Administrators at dozens of schools that failed to post lead testing results online were called and emailed for this story. Many ignored requests for comment. Thirteen schools indicated they would immediately initiate lead tests or had conducted tests shortly after being contacted. 

However, school officials, like Poznek, have at least one good reason for still being in the dark: The city hasn’t enforced its own rules. 

Councilperson Helen Gym, who authored the testing law, said she intended her legislation to be backed up by inspectors from the city’s Department of Licenses & Inspections and the Health Department. Instead, PlanPhilly/Keystone found that neither agency ever took up the work of certifying that city charter schools had tested for lead. 

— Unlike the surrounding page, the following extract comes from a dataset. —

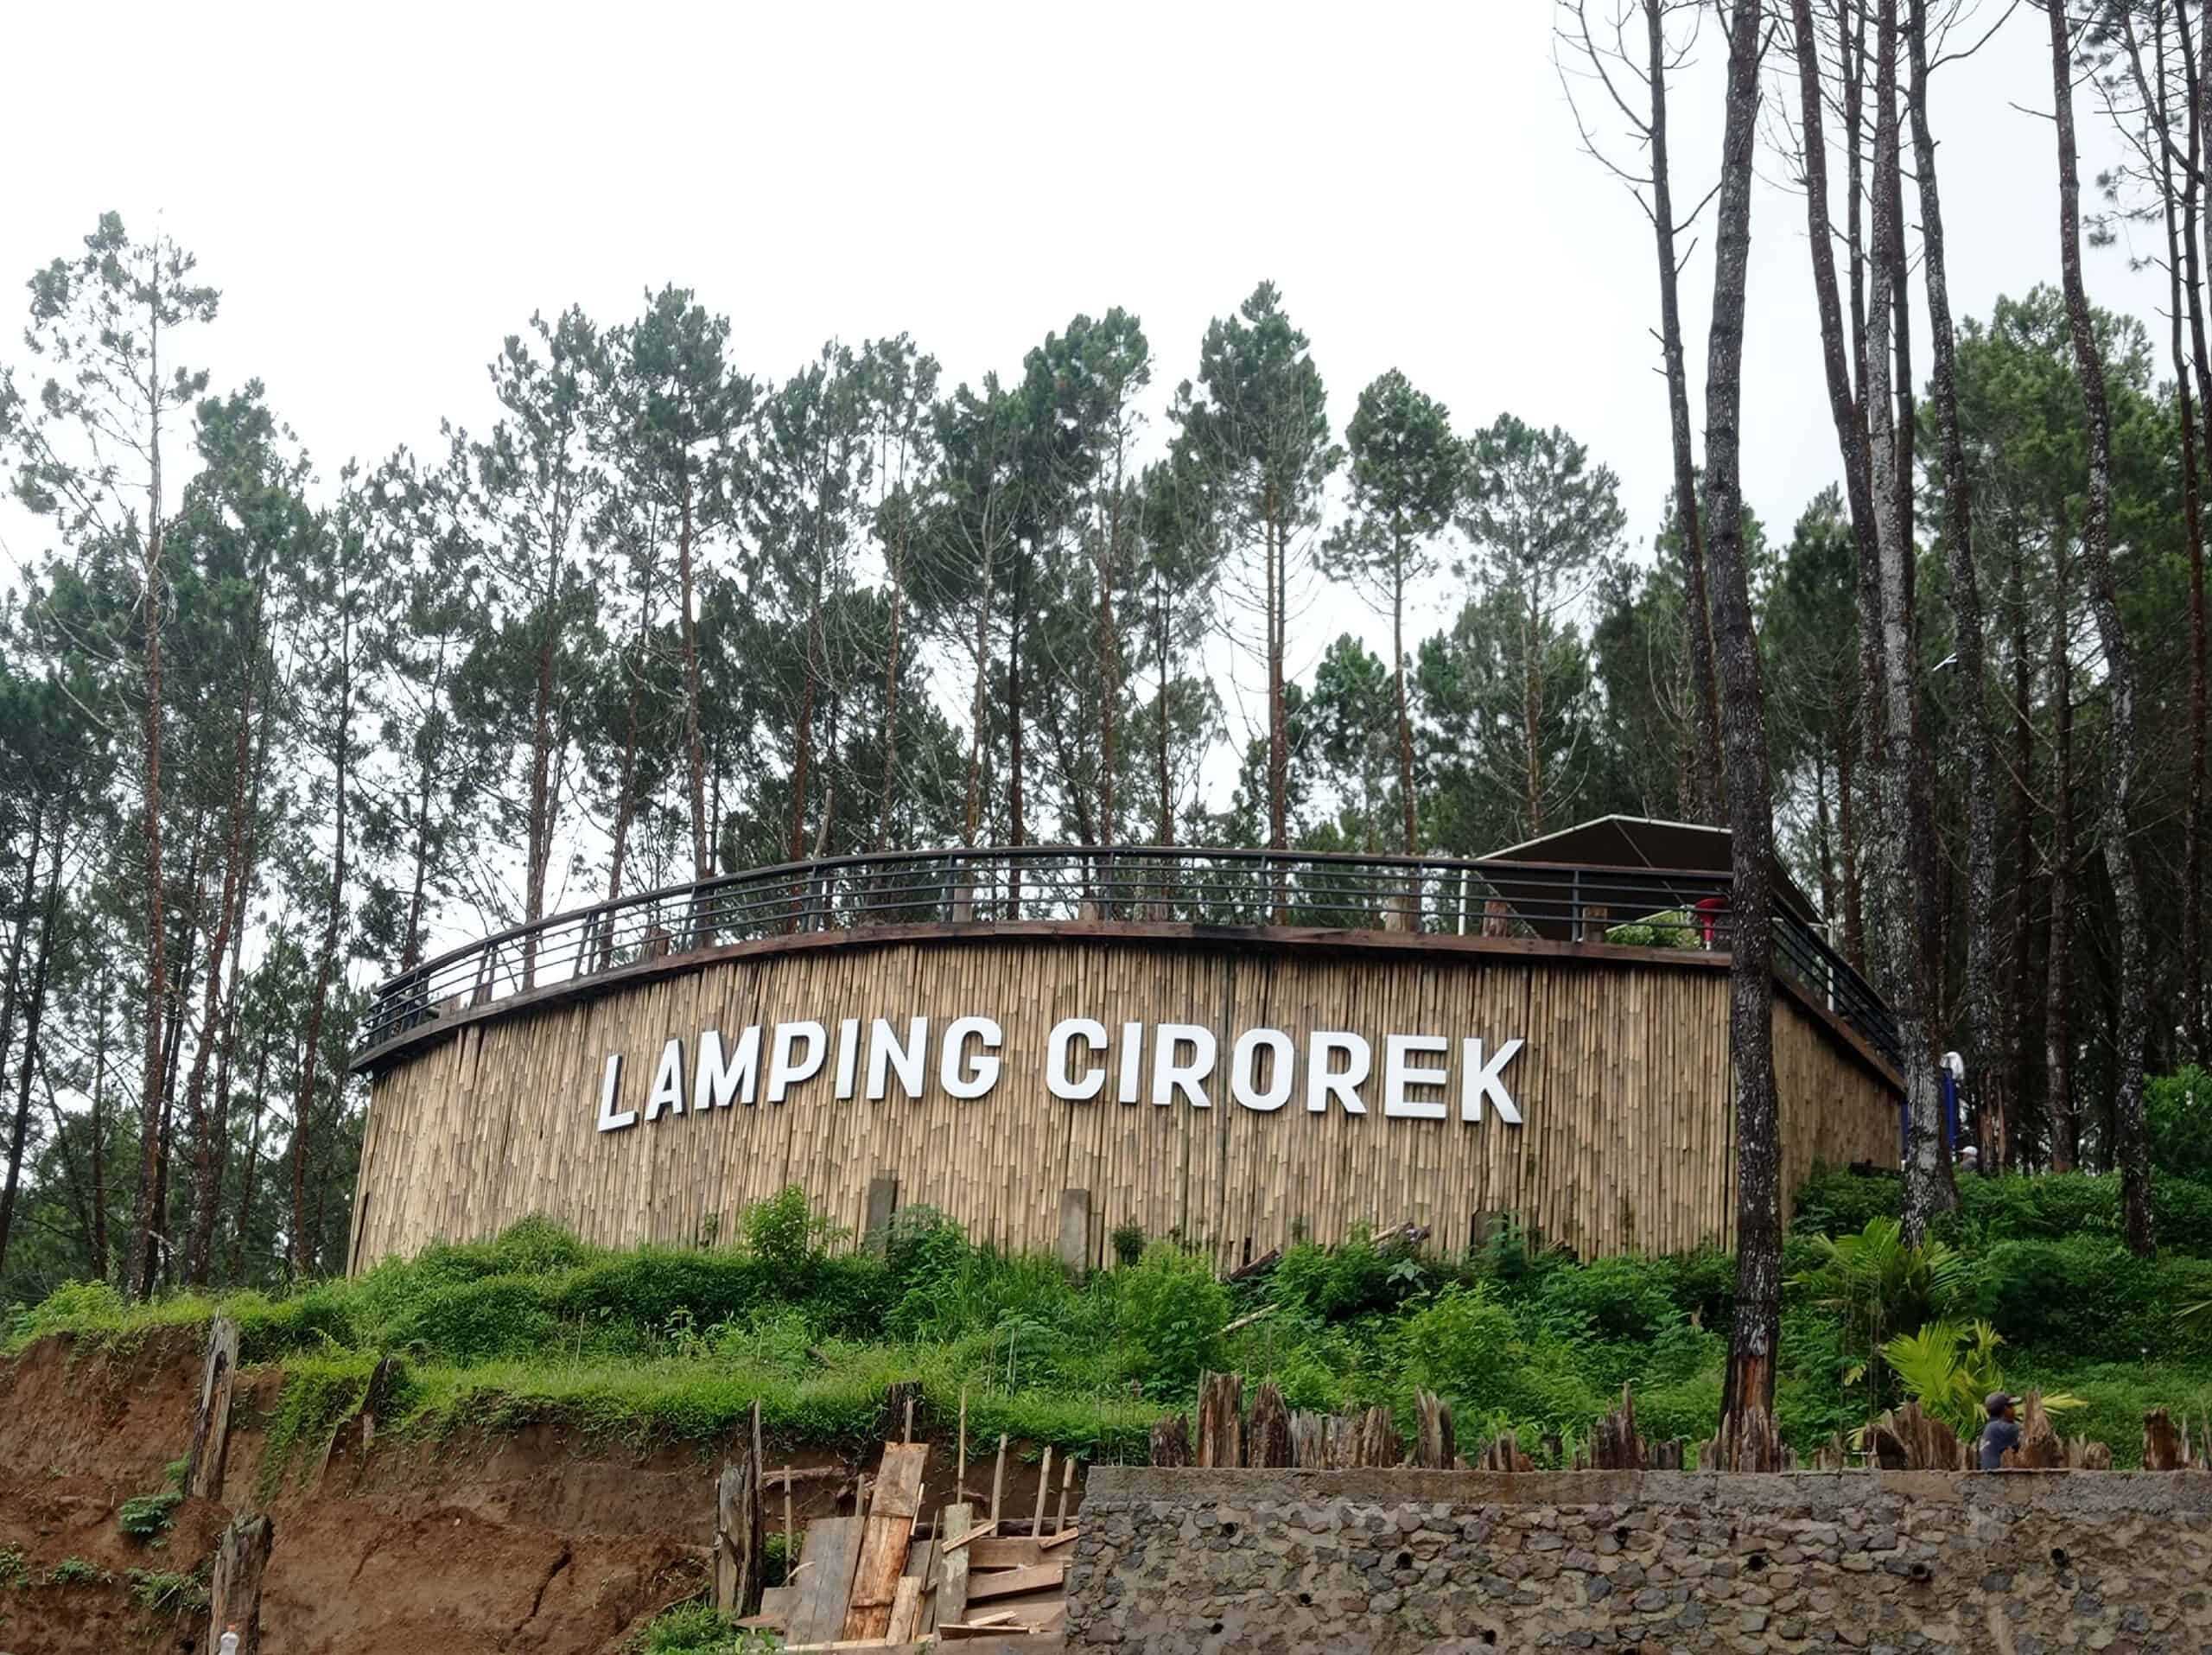 Lamping Cirorek, Tempat staycation yang Instagramable di Garut

After being contacted by reporters, Karen Guss, a spokesperson for L&I, acknowledged there had “not been an administrative process in place for compiling information from water testing results.”

While Gym said she intended her legislation to set one of the strictest lead standards for school drinking water in the nation, the law designed to protect children simply fell through the cracks. 

Guss promises that will change next year.

“In consultation with the Health Department and the School District, L&I will put such a process in place,” she said. 

Yet while the underlying legislation makes lead testing a prerequisite for school building occupancy, Guss could not say what penalty schools would face for skipping tests.

“The consequences of not qualifying for a special certificate of inspection will be determined going forward,” she said.

Donna Cooper, executive director of Public Citizens for Children and Youth, said the city’s failure to enforce its own rules was “very disappointing” given the lifelong impact lead can have on childhood brain development.

“The risk of lead poisoning is grave and permanent,” Cooper said.

Mike Dunn, a spokesperson for Mayor Jim Kenney, described the enforcement lapse as unfortunate.  

“It’s a tremendously large government charged with enforcing thousands of laws, and this particular legislative mandate was unfortunately not fulfilled,” Dunn said. “Your reporting brought it to our attention, and we’re going to fix it.”

New schools, old buildings

The construction of most traditional public school buildings in Philadelphia largely mirrors the city’s boom years, from the 19th century to the mid-20th century. That building surge coincided with the rising use of lead-based solder or piping, materials now cited as the main source for water-based lead contamination.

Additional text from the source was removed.